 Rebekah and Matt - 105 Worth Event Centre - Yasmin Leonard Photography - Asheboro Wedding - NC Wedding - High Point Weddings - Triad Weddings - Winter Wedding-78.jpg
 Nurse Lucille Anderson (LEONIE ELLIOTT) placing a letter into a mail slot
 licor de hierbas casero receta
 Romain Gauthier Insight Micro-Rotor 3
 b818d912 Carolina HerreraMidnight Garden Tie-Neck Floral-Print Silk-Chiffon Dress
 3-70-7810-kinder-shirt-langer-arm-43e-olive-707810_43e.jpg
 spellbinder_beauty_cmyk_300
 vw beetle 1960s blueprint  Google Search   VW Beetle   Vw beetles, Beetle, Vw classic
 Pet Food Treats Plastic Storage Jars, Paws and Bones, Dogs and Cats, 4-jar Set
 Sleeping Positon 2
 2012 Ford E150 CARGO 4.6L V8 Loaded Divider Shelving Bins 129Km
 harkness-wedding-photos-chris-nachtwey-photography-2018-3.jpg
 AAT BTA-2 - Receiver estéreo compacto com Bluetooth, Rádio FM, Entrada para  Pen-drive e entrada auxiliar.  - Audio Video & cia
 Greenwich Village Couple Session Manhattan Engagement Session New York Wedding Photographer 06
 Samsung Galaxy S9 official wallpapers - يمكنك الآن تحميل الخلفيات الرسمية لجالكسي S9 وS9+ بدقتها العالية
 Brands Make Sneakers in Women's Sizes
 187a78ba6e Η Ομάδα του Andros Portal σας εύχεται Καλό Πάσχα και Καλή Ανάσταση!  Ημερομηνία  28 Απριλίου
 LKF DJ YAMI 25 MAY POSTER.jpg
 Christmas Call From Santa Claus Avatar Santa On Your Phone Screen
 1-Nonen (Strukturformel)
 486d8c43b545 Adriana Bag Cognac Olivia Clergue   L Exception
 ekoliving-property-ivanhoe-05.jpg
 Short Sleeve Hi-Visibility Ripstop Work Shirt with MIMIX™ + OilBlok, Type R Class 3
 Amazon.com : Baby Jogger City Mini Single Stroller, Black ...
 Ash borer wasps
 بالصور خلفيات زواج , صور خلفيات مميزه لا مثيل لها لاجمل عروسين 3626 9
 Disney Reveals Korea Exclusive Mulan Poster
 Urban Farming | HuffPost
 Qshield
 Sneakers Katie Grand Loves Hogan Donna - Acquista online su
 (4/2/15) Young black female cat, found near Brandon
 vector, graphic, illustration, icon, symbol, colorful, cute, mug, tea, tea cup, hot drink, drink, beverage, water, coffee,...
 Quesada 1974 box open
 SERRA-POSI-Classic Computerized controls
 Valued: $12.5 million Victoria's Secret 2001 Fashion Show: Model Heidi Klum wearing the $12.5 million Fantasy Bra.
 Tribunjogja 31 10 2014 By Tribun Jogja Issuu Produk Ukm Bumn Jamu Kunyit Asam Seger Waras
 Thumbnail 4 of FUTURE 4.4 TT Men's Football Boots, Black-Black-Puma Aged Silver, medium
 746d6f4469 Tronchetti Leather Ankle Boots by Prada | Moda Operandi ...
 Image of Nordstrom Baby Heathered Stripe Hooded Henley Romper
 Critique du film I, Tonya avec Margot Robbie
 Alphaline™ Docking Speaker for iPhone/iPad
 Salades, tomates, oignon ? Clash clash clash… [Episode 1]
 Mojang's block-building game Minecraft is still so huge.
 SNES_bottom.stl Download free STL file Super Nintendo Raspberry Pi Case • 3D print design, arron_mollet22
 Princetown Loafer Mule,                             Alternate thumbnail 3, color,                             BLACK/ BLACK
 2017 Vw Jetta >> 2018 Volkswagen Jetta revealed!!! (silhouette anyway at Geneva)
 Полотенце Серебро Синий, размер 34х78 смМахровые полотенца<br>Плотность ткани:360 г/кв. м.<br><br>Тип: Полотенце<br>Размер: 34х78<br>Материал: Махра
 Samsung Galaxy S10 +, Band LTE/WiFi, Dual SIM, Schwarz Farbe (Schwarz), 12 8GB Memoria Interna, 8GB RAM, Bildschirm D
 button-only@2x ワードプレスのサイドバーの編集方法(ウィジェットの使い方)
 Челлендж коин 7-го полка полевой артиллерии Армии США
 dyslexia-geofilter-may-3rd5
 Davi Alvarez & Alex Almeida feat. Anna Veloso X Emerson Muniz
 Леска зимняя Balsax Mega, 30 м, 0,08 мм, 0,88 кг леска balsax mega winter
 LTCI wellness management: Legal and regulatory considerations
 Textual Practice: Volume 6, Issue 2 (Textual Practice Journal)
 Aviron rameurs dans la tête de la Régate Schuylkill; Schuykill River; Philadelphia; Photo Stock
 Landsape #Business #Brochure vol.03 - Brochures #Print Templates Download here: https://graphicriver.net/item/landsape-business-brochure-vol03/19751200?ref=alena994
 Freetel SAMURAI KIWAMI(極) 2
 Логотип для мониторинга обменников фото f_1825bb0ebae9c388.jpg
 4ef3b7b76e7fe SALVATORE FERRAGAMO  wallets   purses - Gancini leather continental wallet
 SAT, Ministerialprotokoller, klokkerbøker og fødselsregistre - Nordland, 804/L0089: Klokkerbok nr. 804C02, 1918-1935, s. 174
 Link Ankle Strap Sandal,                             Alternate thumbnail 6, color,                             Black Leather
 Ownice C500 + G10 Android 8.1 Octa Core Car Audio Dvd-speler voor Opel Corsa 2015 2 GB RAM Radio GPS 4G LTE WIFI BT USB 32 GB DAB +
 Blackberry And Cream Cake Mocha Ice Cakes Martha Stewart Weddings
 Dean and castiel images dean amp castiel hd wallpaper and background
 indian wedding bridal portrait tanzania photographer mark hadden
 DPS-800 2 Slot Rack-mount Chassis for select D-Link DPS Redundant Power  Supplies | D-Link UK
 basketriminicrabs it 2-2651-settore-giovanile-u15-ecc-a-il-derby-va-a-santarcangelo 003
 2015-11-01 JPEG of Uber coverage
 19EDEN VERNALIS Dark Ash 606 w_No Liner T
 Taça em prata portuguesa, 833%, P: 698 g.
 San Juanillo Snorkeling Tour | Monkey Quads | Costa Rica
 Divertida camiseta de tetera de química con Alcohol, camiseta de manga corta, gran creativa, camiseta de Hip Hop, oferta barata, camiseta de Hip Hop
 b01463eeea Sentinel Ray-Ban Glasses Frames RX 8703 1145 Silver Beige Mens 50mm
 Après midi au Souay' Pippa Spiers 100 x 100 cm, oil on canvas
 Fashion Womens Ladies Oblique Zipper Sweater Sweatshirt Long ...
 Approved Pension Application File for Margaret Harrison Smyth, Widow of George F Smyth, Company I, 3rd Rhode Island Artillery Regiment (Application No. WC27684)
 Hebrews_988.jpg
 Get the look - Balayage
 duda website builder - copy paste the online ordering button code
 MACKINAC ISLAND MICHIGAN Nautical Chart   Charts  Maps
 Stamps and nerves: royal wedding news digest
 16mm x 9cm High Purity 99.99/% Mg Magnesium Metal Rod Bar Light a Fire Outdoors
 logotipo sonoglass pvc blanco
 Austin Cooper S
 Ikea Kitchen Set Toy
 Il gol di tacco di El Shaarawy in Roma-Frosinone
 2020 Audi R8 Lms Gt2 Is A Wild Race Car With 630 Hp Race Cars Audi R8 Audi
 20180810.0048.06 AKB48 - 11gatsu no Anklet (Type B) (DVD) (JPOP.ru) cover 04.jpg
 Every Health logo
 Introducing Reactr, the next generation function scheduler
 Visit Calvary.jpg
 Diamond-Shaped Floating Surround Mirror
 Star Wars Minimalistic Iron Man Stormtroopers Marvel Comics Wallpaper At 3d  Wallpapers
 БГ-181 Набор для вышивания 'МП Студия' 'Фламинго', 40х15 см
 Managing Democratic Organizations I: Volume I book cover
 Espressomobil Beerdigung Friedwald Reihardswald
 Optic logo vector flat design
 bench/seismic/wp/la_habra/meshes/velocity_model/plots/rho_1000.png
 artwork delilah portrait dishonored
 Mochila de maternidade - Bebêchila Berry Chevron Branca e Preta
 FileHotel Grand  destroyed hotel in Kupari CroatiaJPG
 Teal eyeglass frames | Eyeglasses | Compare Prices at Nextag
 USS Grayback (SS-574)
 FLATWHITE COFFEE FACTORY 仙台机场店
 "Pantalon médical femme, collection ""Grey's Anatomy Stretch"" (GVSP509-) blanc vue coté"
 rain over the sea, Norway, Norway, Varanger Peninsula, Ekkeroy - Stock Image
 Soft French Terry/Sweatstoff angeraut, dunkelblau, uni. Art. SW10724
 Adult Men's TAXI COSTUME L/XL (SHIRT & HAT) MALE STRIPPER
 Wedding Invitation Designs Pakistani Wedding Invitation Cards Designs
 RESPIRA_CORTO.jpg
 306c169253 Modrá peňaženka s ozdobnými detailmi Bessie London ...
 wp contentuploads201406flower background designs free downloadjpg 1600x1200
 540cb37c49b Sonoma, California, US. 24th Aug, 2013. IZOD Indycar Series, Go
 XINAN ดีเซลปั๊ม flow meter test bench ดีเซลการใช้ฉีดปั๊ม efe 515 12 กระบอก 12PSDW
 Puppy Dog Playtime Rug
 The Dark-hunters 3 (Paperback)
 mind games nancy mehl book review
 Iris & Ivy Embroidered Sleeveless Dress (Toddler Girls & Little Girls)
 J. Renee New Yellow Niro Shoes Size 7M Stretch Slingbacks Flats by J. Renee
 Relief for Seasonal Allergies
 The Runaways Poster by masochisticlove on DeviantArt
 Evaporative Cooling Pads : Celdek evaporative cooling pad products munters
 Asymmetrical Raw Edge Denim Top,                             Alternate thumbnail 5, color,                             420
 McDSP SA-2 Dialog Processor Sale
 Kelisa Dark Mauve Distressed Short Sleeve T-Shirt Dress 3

——————

From the data above, reproduce word for word the lines running from the line with "Taça em prata portuguesa, 833%, P: 698 g." to the line with "16mm x 9cm High", ends included.

→ **The answer**
 Taça em prata portuguesa, 833%, P: 698 g.
 San Juanillo Snorkeling Tour | Monkey Quads | Costa Rica
 Divertida camiseta de tetera de química con Alcohol, camiseta de manga corta, gran creativa, camiseta de Hip Hop, oferta barata, camiseta de Hip Hop
 b01463eeea Sentinel Ray-Ban Glasses Frames RX 8703 1145 Silver Beige Mens 50mm
 Après midi au Souay' Pippa Spiers 100 x 100 cm, oil on canvas
 Fashion Womens Ladies Oblique Zipper Sweater Sweatshirt Long ...
 Approved Pension Application File for Margaret Harrison Smyth, Widow of George F Smyth, Company I, 3rd Rhode Island Artillery Regiment (Application No. WC27684)
 Hebrews_988.jpg
 Get the look - Balayage
 duda website builder - copy paste the online ordering button code
 MACKINAC ISLAND MICHIGAN Nautical Chart   Charts  Maps
 Stamps and nerves: royal wedding news digest
 16mm x 9cm High Purity 99.99/% Mg Magnesium Metal Rod Bar Light a Fire Outdoors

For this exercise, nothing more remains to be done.